[YOUR TASK]:
Exact repetition of a range: find the line containing "A young man" and the line containing "old railway station" in the material below, then repeat both and all lines between them, leaving pictures out.

[AVAILABLE RECORDS]:
========

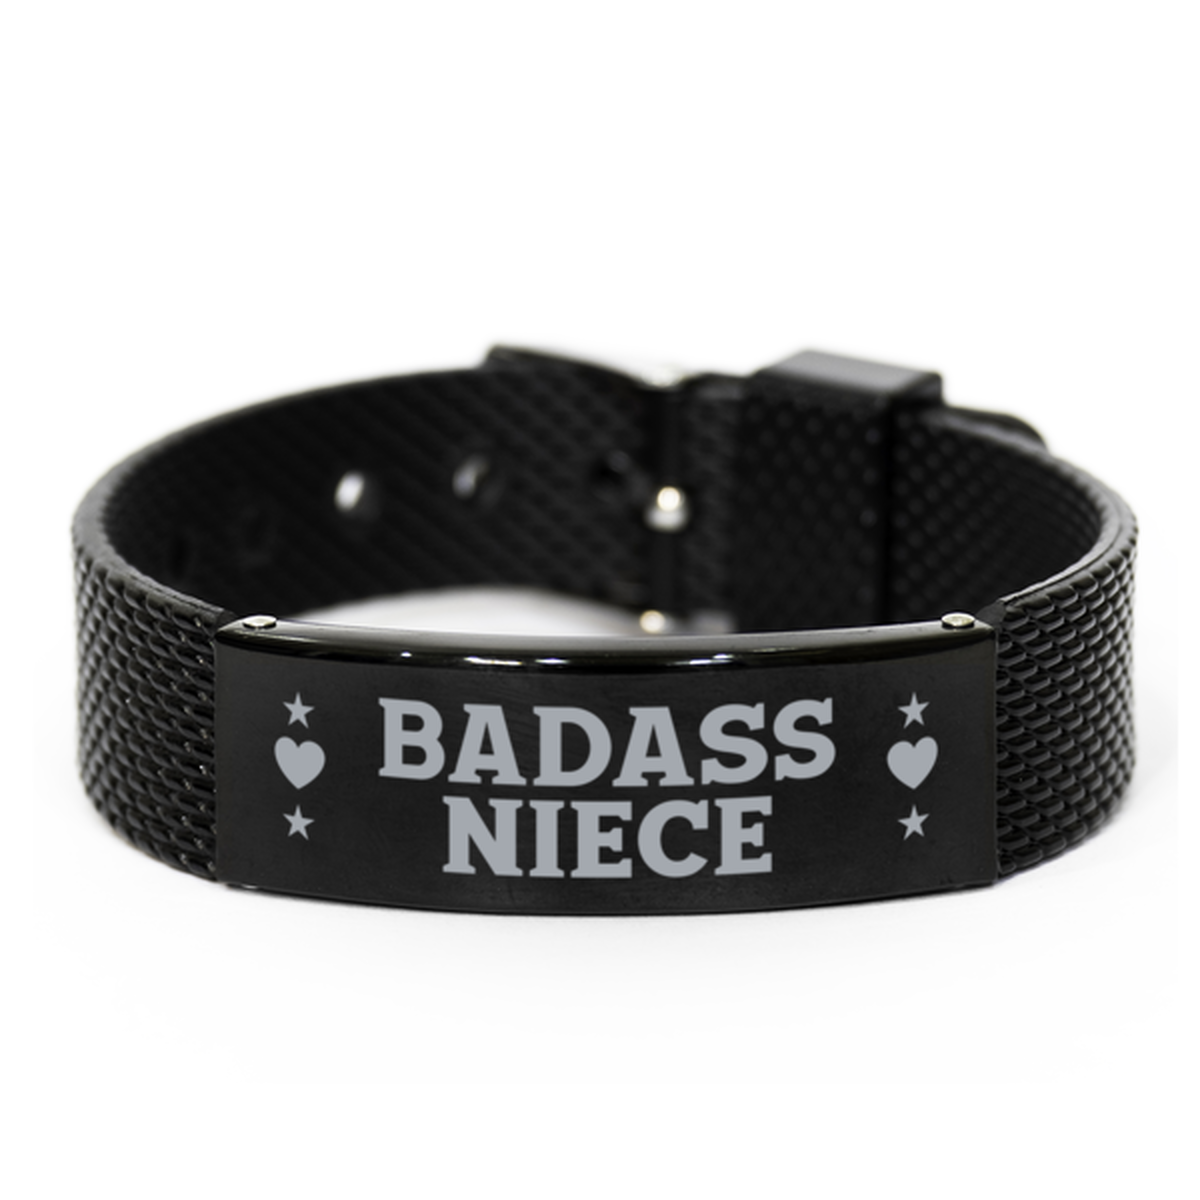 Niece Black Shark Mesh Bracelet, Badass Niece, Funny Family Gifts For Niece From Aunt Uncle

========

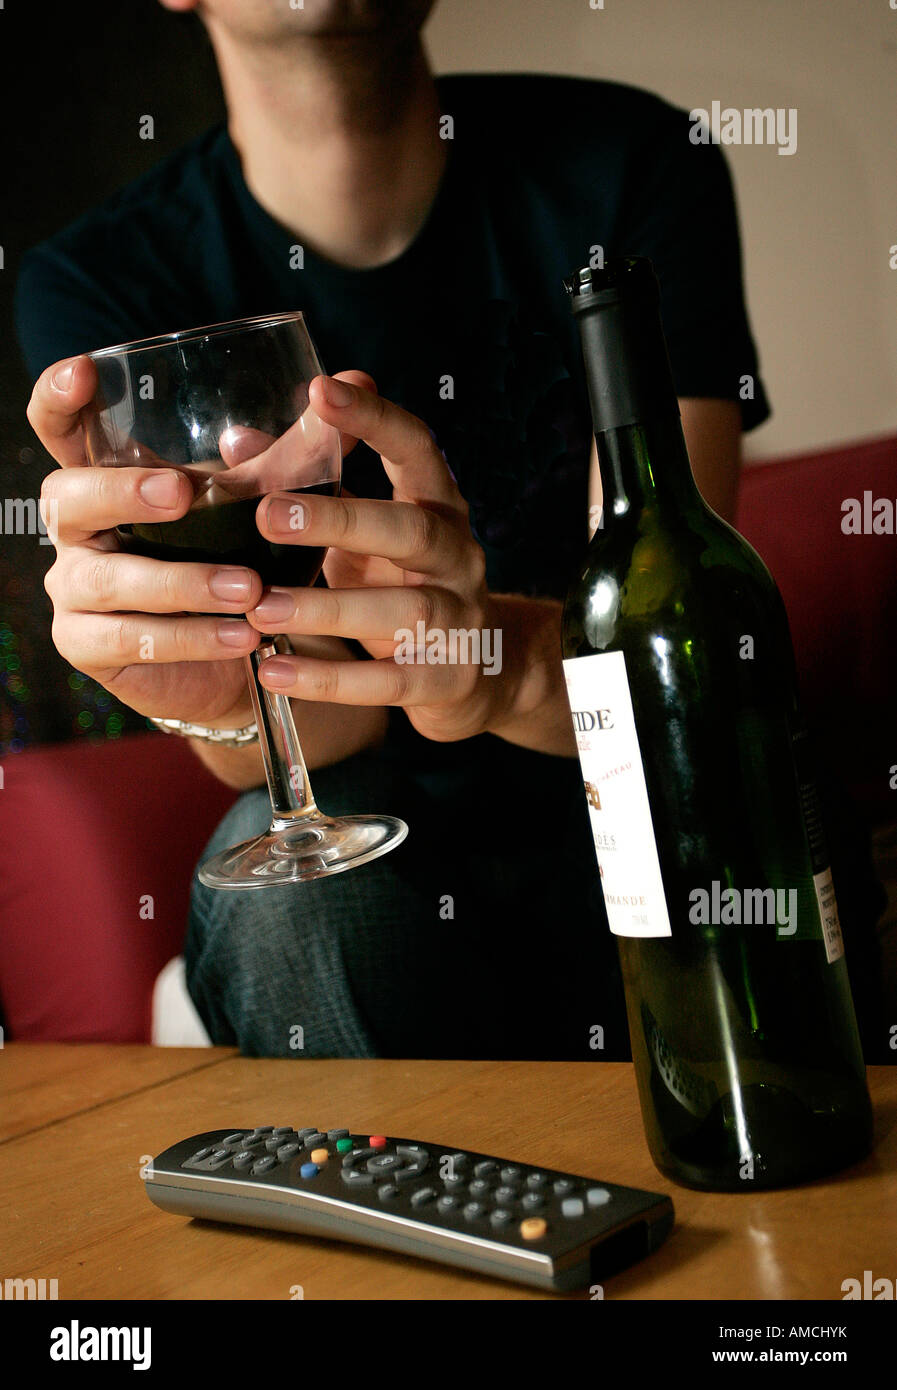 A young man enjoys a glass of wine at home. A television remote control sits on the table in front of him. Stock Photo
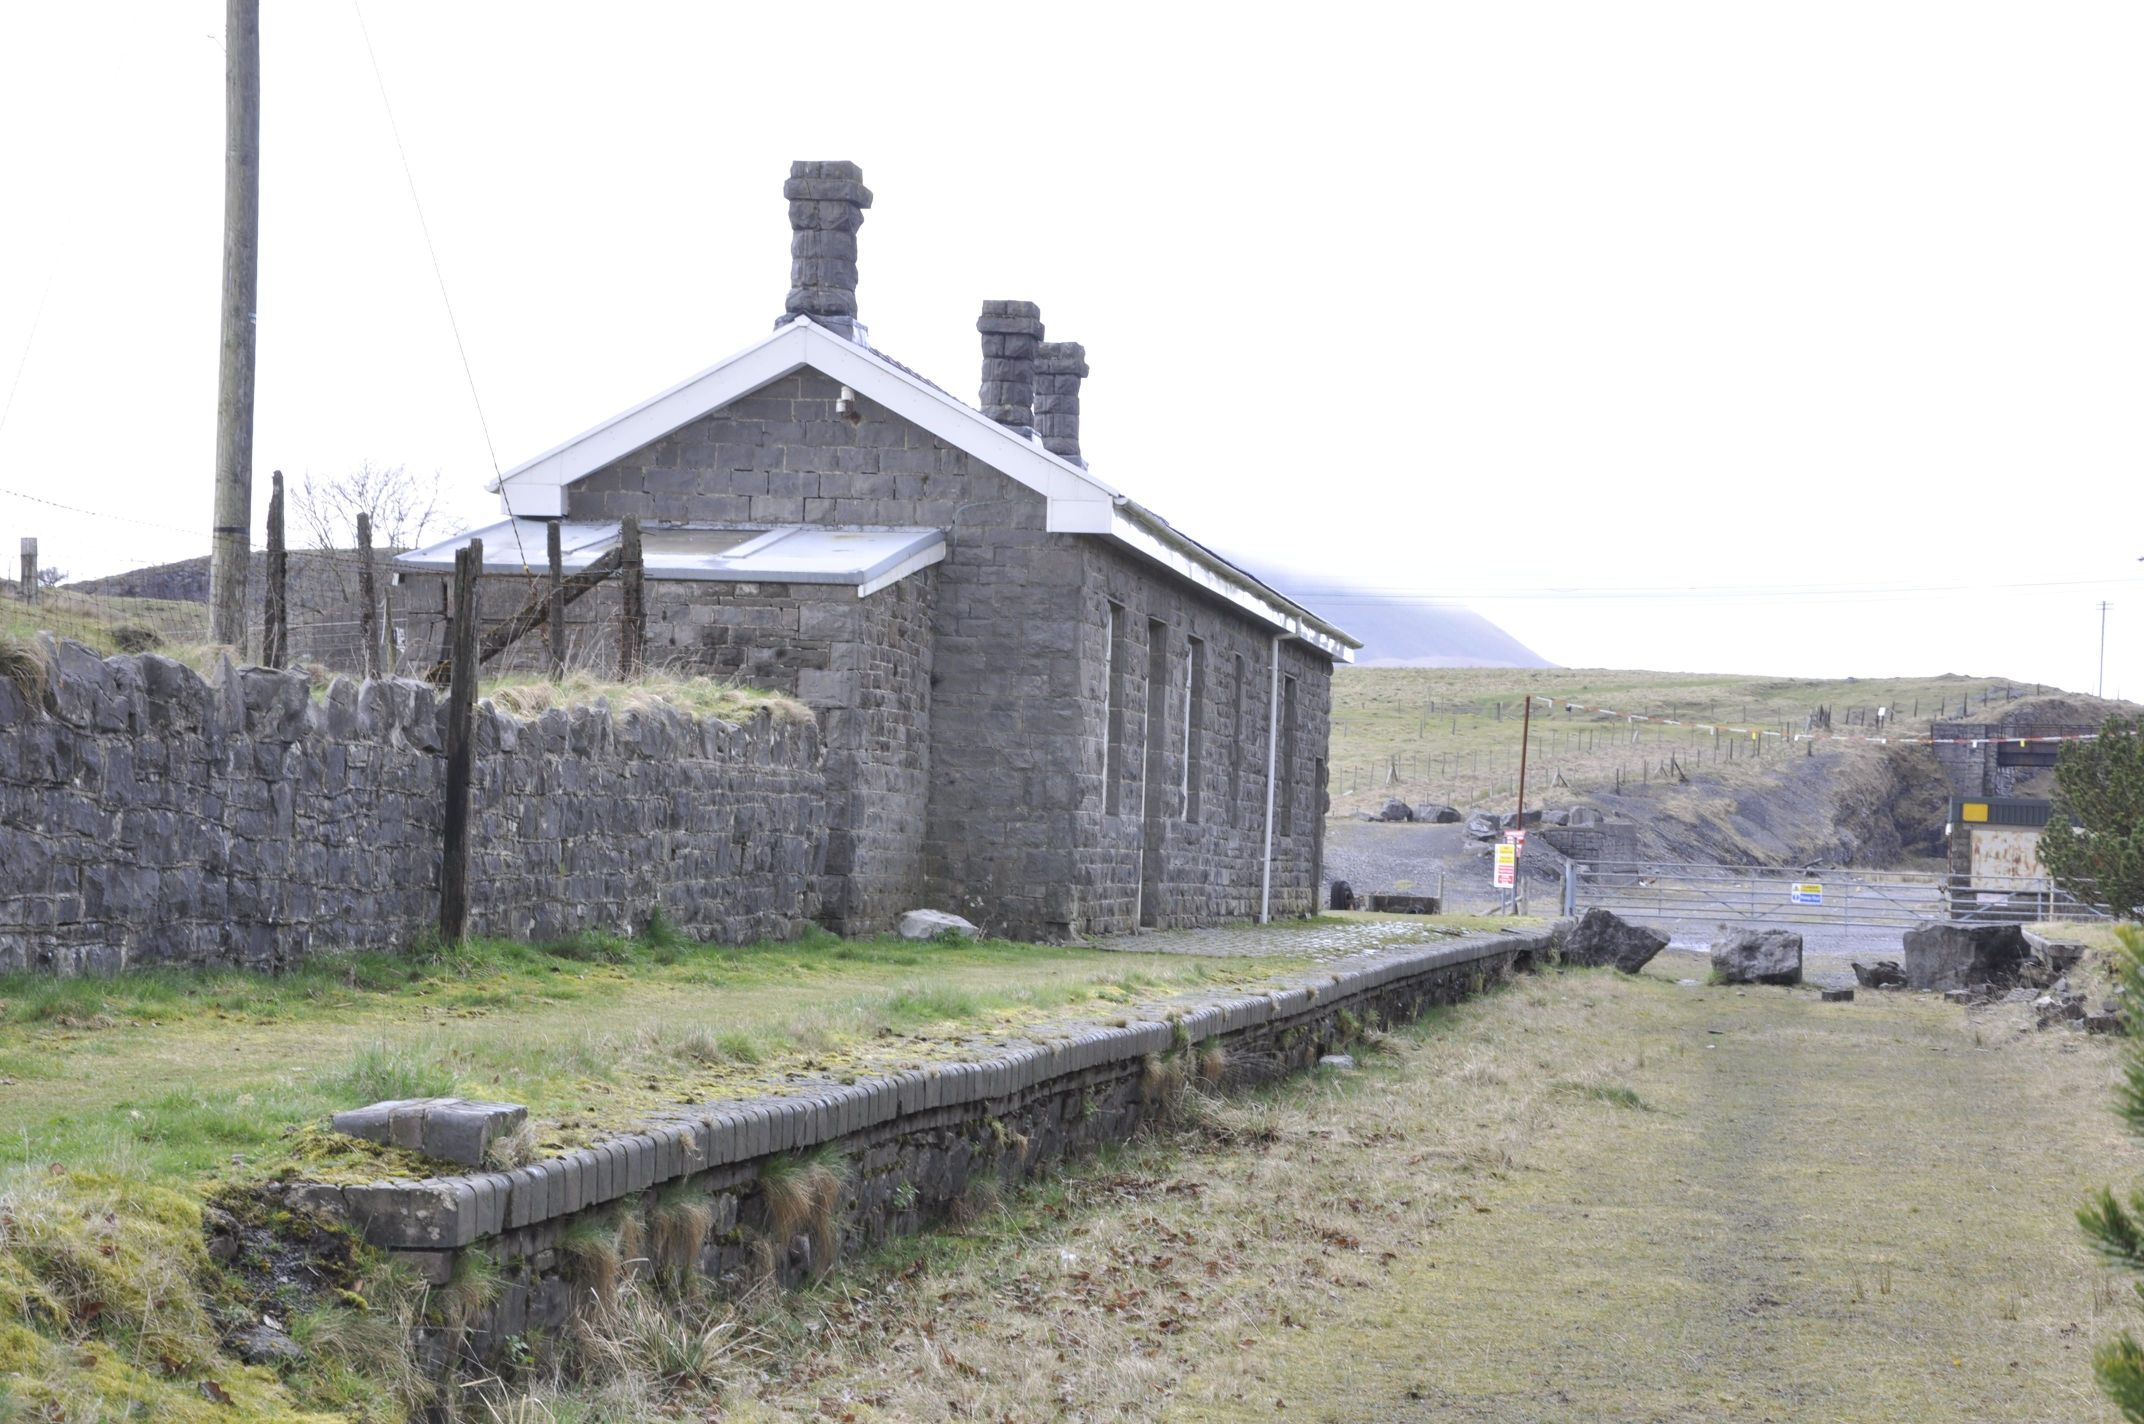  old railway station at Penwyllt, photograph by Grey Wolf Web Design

========

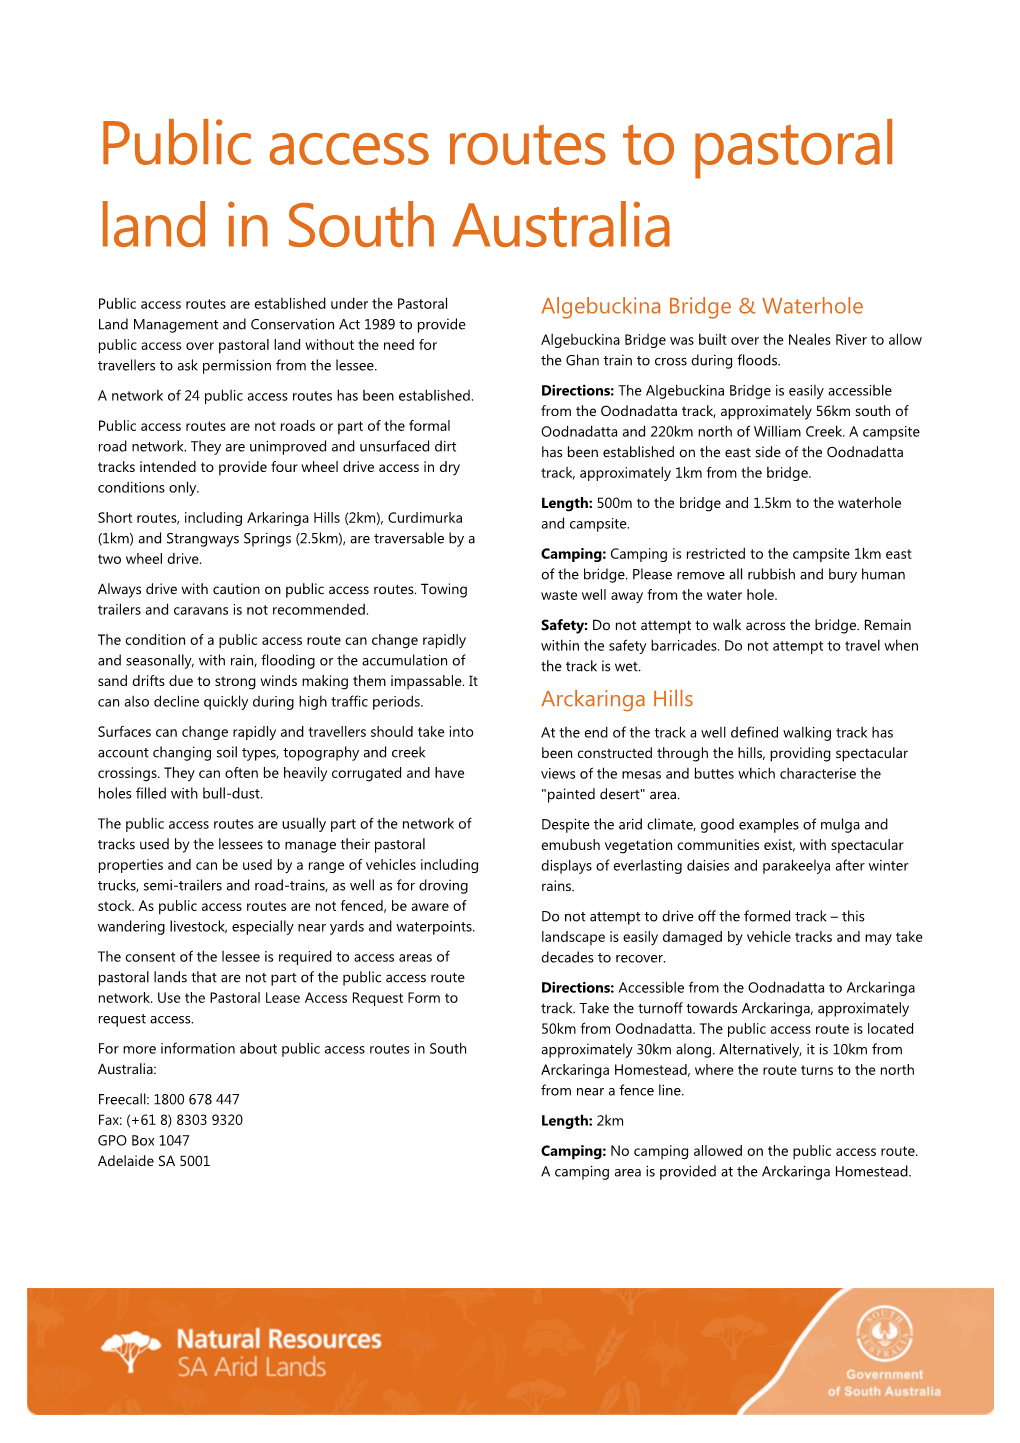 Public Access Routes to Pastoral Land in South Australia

========

[WRITTEN ANSWER]:
 A young man enjoys a glass of wine at home. A television remote control sits on the table in front of him. Stock Photo
  old railway station at Penwyllt, photograph by Grey Wolf Web Design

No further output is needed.